A response to Hannah Stephenson’s Town
It starts with a railroad, a fort nearby
with plenty of guns in its armory,
and a promise of gold, silver, copper, oil, coal,
for the hills to be bowed toward the practical,
extractable enough for Eastern financiers
to send along their goonies and their threshers
and hang posters that spoke of a heroes bounty
to every down and out outcast who teemed in the cities.
They brought in the necessities: a saloon, a smelter,
a brothel, a bank, a slaughterhouse, a factory for plaster
and inevitably, ministers, to teach about the curse of Eve.

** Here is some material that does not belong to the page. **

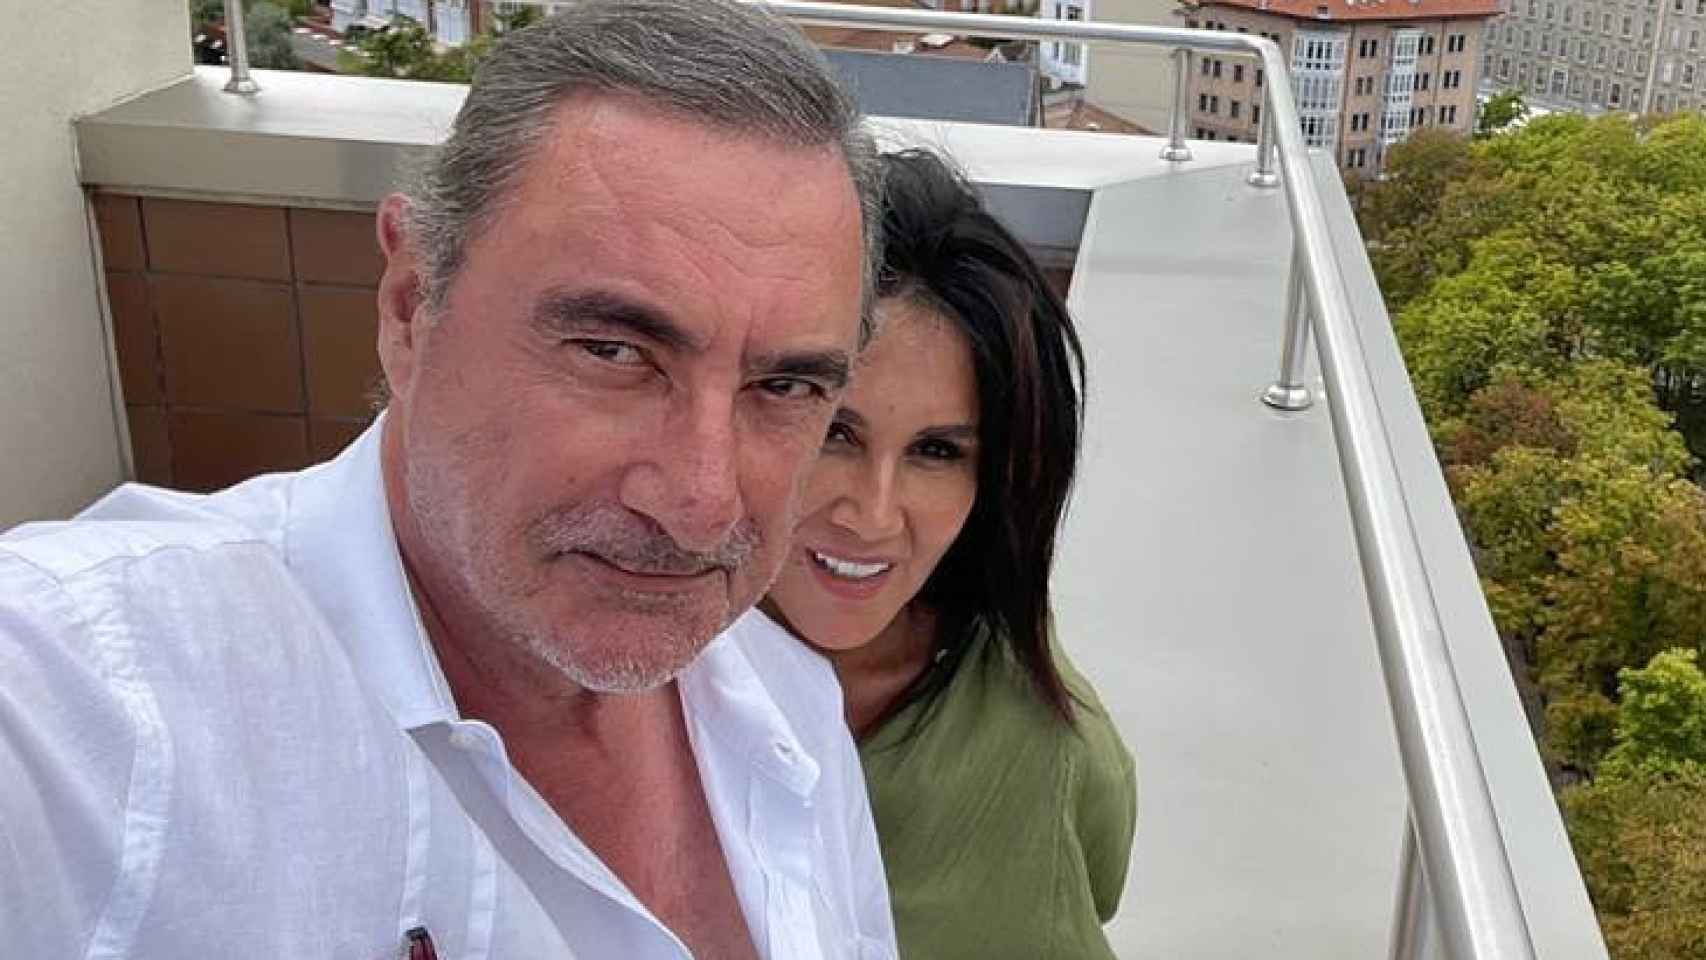 El periodista Carlos Herrera junto a su pareja sentimental, Pepa Gea, en una imagen reciente, tomada este pasado mes de agosto.

As families and graveyards grew, they believed they’d never leave
but the children soon became bored
with the choice of liquor and the lord
and moved upstate, to get away from all the gratitude
for the blood sacrifice of Jesus Christ, from the attitude
of acceptance for the losses in the mines and the fires,
of reverence for the well-connected vampires
who owned the town whole as everybody knew
and mixed its rivers red with the cadmium blue.
The price of silver dropped, and the town just dispersed
but something stayed behind, a right to be there, with the curse
that hung inside the lace, the last trappings of an outpost,
the god-forsaken hideaway of ghosts.
How we cherish them now, as we walk this blessed town.
How we pray that we could raise it from the ground.